Yes,  I think maybe if we can try and remove the use of cur_mon one
use at a time outside of the monitor it might move it in the right direction.

> >> > My reason for asking is that there are cases in migration and colo
> >> > where a network block device has failed and is blocking, but it fails
> >> > at just the wrong time while the lock is held, and now, you don't have
> >> 
> >> Is it okay to block while holding the BQL?
> >
> > I'd hope the simple answer was no; unfortunately the more complex answer
> > is that we keep finding places that do.
> 
> Would you call these bugs?
> 
> Even if you do, we may want to recover from them.

They're a bug in the end result that needs fixing; so for example a 
crashing NBD server shouldn't lock you out of the monitor during a migrate,
and I don't think we current;y have other solutions.
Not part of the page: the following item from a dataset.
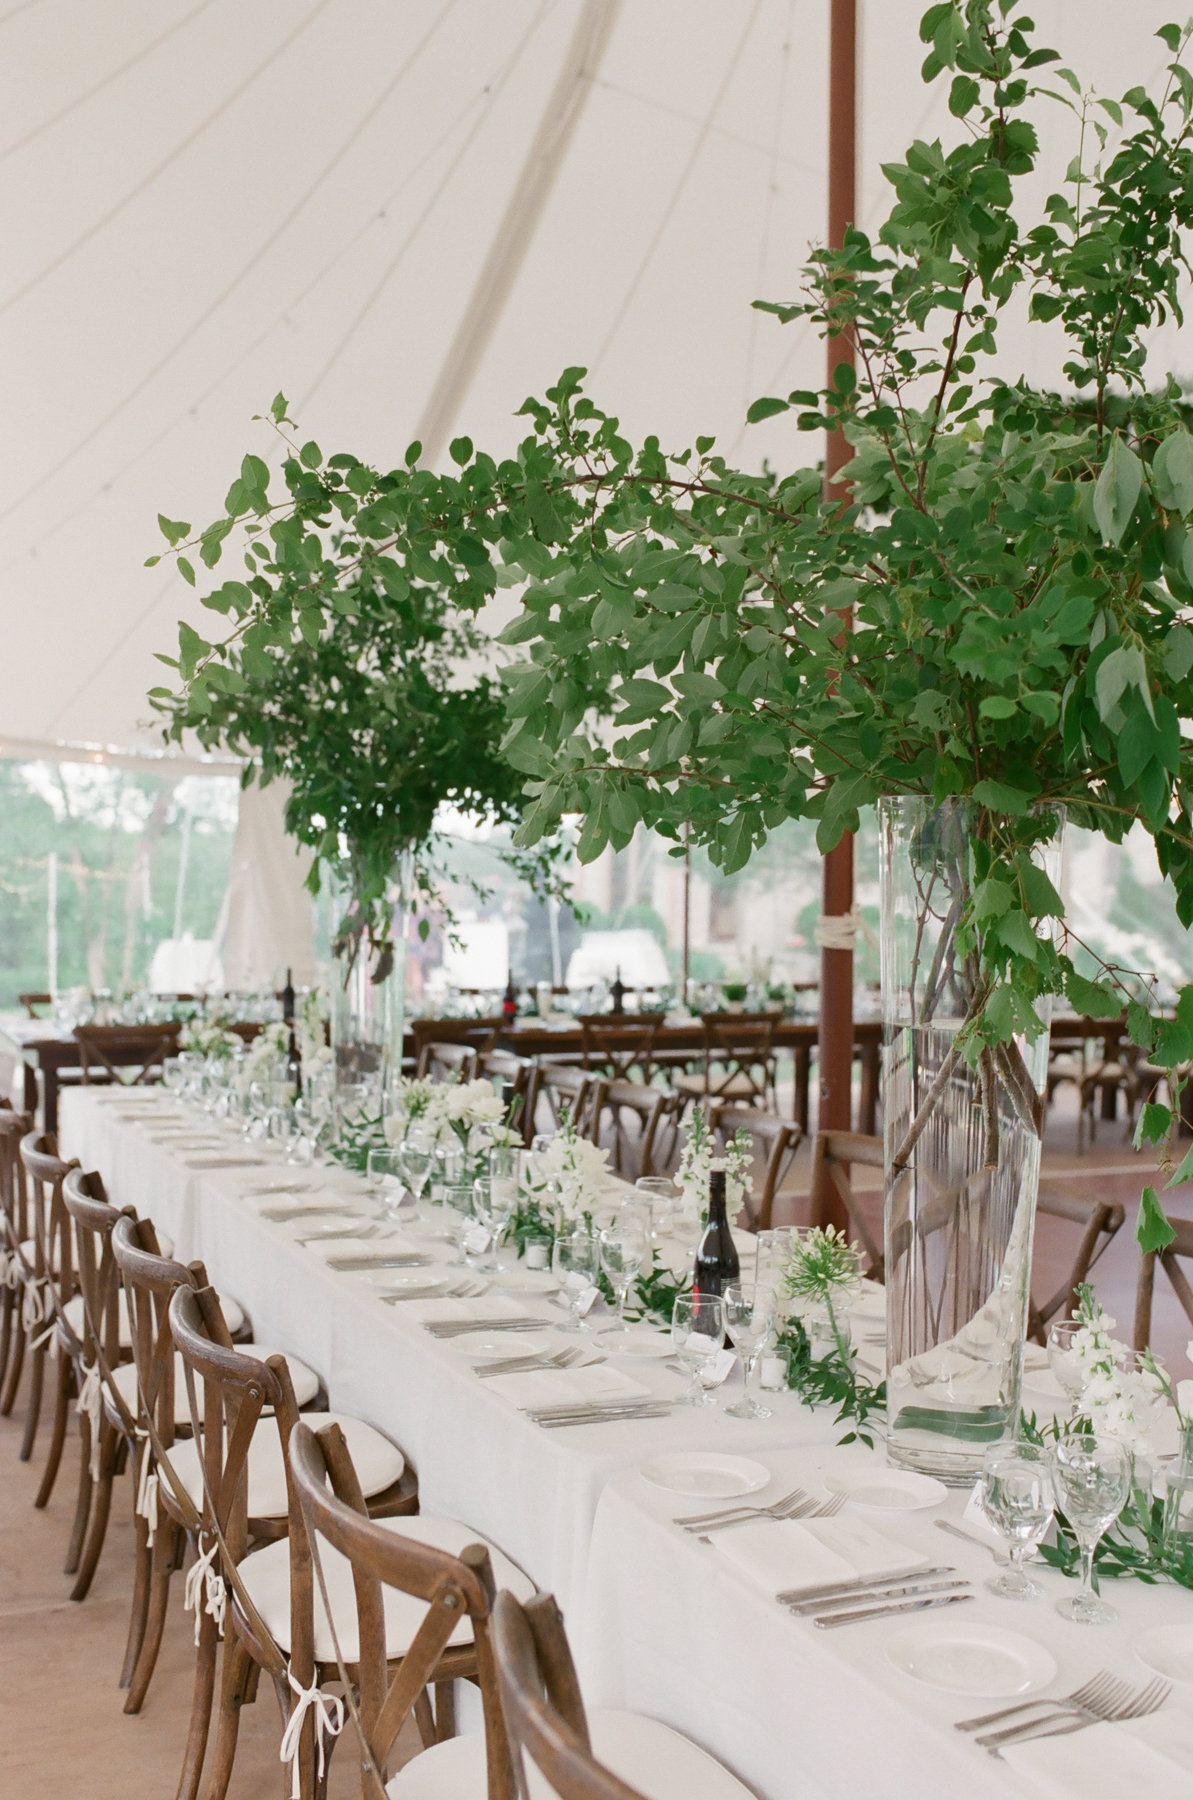 0826-maggiebrett-private-estate-wedding-000006330028.jpg

> >                                          The cases I'm aware of are
> > mostly bdrv_drain_all calls in migration/colo, where one of the block
> > devices (e.g. an NBD network device) fails.  Generally these are called
> > at the end of a migration cycle when we're just ensuring that everything
> > really is drained and are normally called with the lock held to ensure
> > that nothing else is generating new traffic as we're clearing everything else.
> 
> Using the BQL for that drives a cork into the I/O pipeline with a Really
> Big Hammer.  Can we do better?
> 
> The answer may be "yes, but don't hold your breath."  Then we may need
> means to better cope with the bugs.

Yeh there are some places that the migraiton code holds the BQL where
I don't really understand all the things it's guarding against.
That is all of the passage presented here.